In at least one embodiment, the one or more TTs, metadata pages (including VLB pages and top, mid and leaf MD pages), and user data pages can be stored persistently on BE non-volatile storage. In at least one embodiment, the one or more TTs can be persistently stored in a first portion of BE non-volatile storage; the metadata pages (including VLB pages and top, mid and leaf MD pages) can be persistently stored in a second portion of BE non-volatile storage; and the user data pages can be persistently stored in other portions of BE non-volatile storage. Within the MD tier in at least one embodiment, pages of different types or categories can be stored in segregated storage areas. In at least one embodiment, a first category or type of metadata pages can include VLB pages, and a second category or type of metadata pages can include top, mid and leaf MD pages. VLB pages can be stored in a first storage area of the MD tier, where the first storage area can sometimes be referred to herein as a VLB storage area. In at least one embodiment, top, mid and leaf MD pages can be stored in a second storage area of the MD tier, where the second storage area can sometimes be referred to herein as a non-VLB or MD storage area. In at least one embodiment, groups of pages can be persistently stored in large chunks, portions or storage units such as PLBs discussed elsewhere herein. In at least one embodiment, each PLB can be 2 MB in size, and each page can be 4 KB in size such that a PLB can store 512 pages. In at least one embodiment, content can be written to BE non-volatile storage as a single PLB. In at least one embodiment, the size of a single PLB can be the size of a single stripe of storage across multiple storage devices of BE non-volatile storage.
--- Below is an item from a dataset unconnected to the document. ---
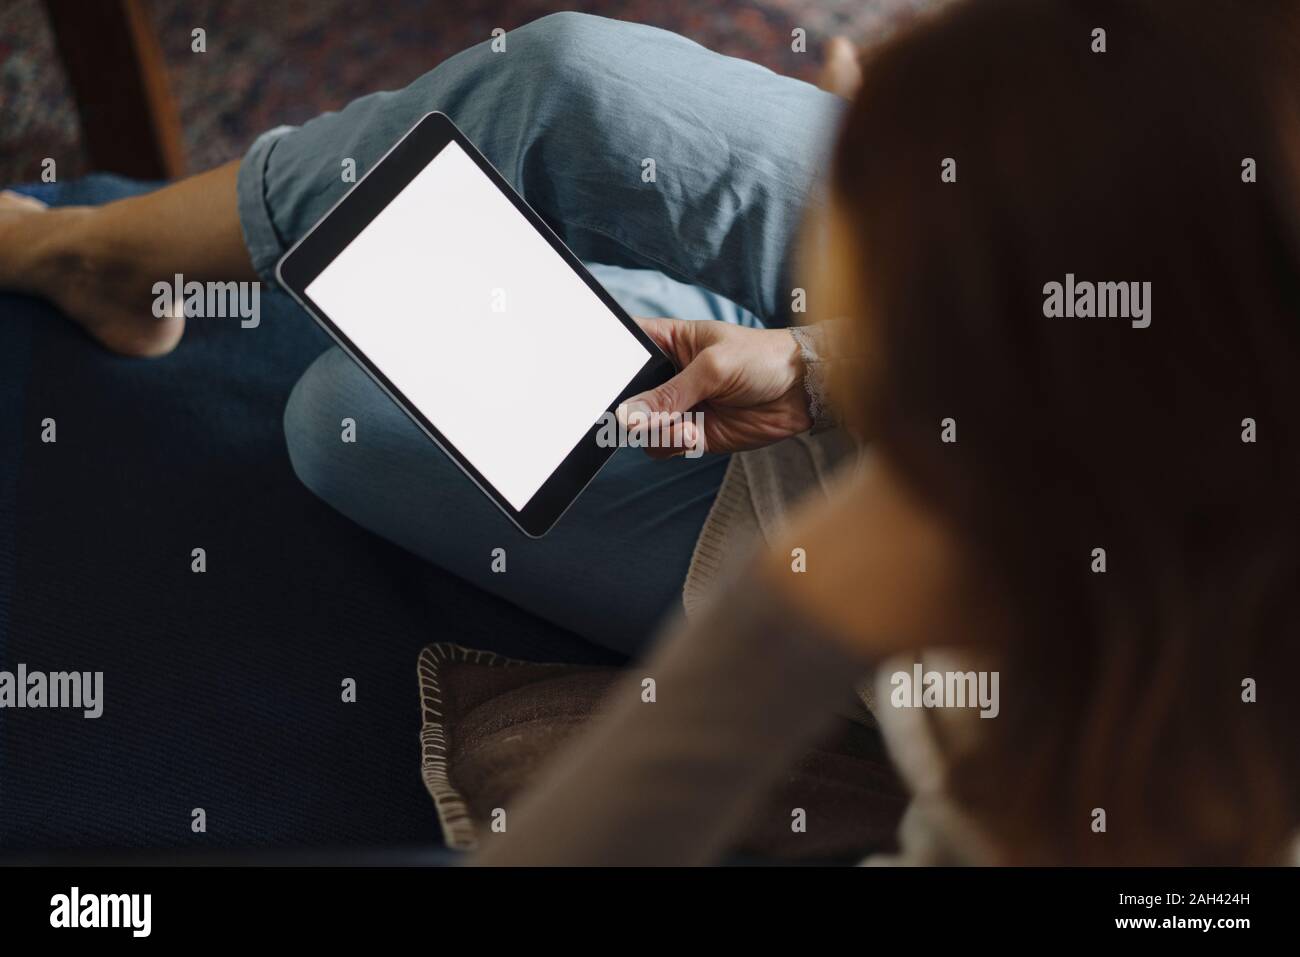 Woman sitting on couch, using digital tablet Banque D'Images

Consistent with other discussion herein in at least one embodiment, the MD log can be flushed or destaged, where the MD log can include records or entries of updates to MD pages. In at least one embodiment, the MD pages can include top, mid and leaf MD pages and VLB pages such as included in the mapping information and hierarchical structure such as discussed above (e.g., in connection with FIGS. 2D, 3, 4, 5, and 6 ). In at least one embodiment, flushing or destaging entries from the MD log can include aggregating multiple updates made to the same metadata page; obtaining an existing persisted copy of the metadata page from a first storage location on BE non-volatile storage; generating an updated metadata page by applying the multiple updates to the existing copy of the metadata page (as read from BE non-volatile storage); and writing out or storing the updated metadata page at a second storage location on BE non-volatile storage. In at least one embodiment where the metadata is managed as an LSS, the foregoing first and second storage locations can be different physical storage locations on BE non-volatile storage.
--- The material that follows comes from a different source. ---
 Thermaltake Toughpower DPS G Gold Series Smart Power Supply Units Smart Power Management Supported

In at least one embodiment, writing out or destaging the updated metadata page, generated as a result of flushing and applying corresponding updates from the MD log, can include storing the updated metadata page to a persistent buffer or staging area in order to accumulate a sufficient number of updated metadata pages to perform a large sequential write to the BE non-volatile storage. In at least one embodiment, the staging area can generally include multiple regions, where each region can be the size of a single PLB. When a single region of the staging area is full, or otherwise sufficiently full (e.g., within a specified tolerance) in at least one embodiment, the single region of updated MD pages can be written out or persistently stored on BE non-volatile storage (e.g., such as to the MD tier).
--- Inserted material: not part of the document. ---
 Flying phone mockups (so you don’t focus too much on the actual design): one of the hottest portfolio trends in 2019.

What will now be described are further details regarding the persistent staging area and its use in at least one embodiment in accordance with the techniques of the present disclosure.
Referring to FIG. 12A, shown is an example 1300 illustrating the staging area in at least one embodiment in accordance with the techniques of the present disclosure. The staging area can be used to temporarily hold updated metadata pages generated as a result of applying flushed updates from the MD log to corresponding pages. In this manner in at least one embodiment, the staging area can be used in connection with storing updated metadata pages generated as a result of applying corresponding updates flushed or destaged from the MD log.
FIG. 12A represents one arrangement, layout or configuration of the staging area in at least one embodiment where the storage system or appliance includes two processing nodes that flush or destage updates from the MD log and generate updated MD pages that the respective nodes store in the staging area. The two nodes of the system can be referred to as node A and node B in the following discussion.
In at least one embodiment, the staging area can be a fixed set of persistent or non-volatile storage areas or partitions that supports random writes with a write granularity size of a single metadata page. For example in at least one embodiment, each updated or dirty metadata page written to the staging area can be 4 KB in size such that the staging area can support random 4 KB writes. In at least one embodiment, the persistent non-volatile storage or memory used for the staging area can also be characterized as high-availability protected and/or fault tolerant. In at least one embodiment, both nodes A and B can read content from, and write content to, the staging area. In at least one embodiment, the staging area can be software defined persistent or persisted memory (SDPM).
In the example 1300, the staging area can include 4 partitions 1301, 1302, 1303 and 1304 used to stage and accumulate regions of updated metadata pages. Generally, the number of partitions of the staging area can be based, at least in part, on the number of nodes and the number of types, classifications or categories of metadata allowed to be stored in the staging area. As noted above in at least one embodiment, there can be 2 nodes (A and B) in the storage system. Additionally in at least one embodiment, there can be two types, classifications or categories of metadata that can be written to the staging area: a first type of “VLB” including only VLB pages, and a second type of “MD” including only top, mid and leaf MD pages.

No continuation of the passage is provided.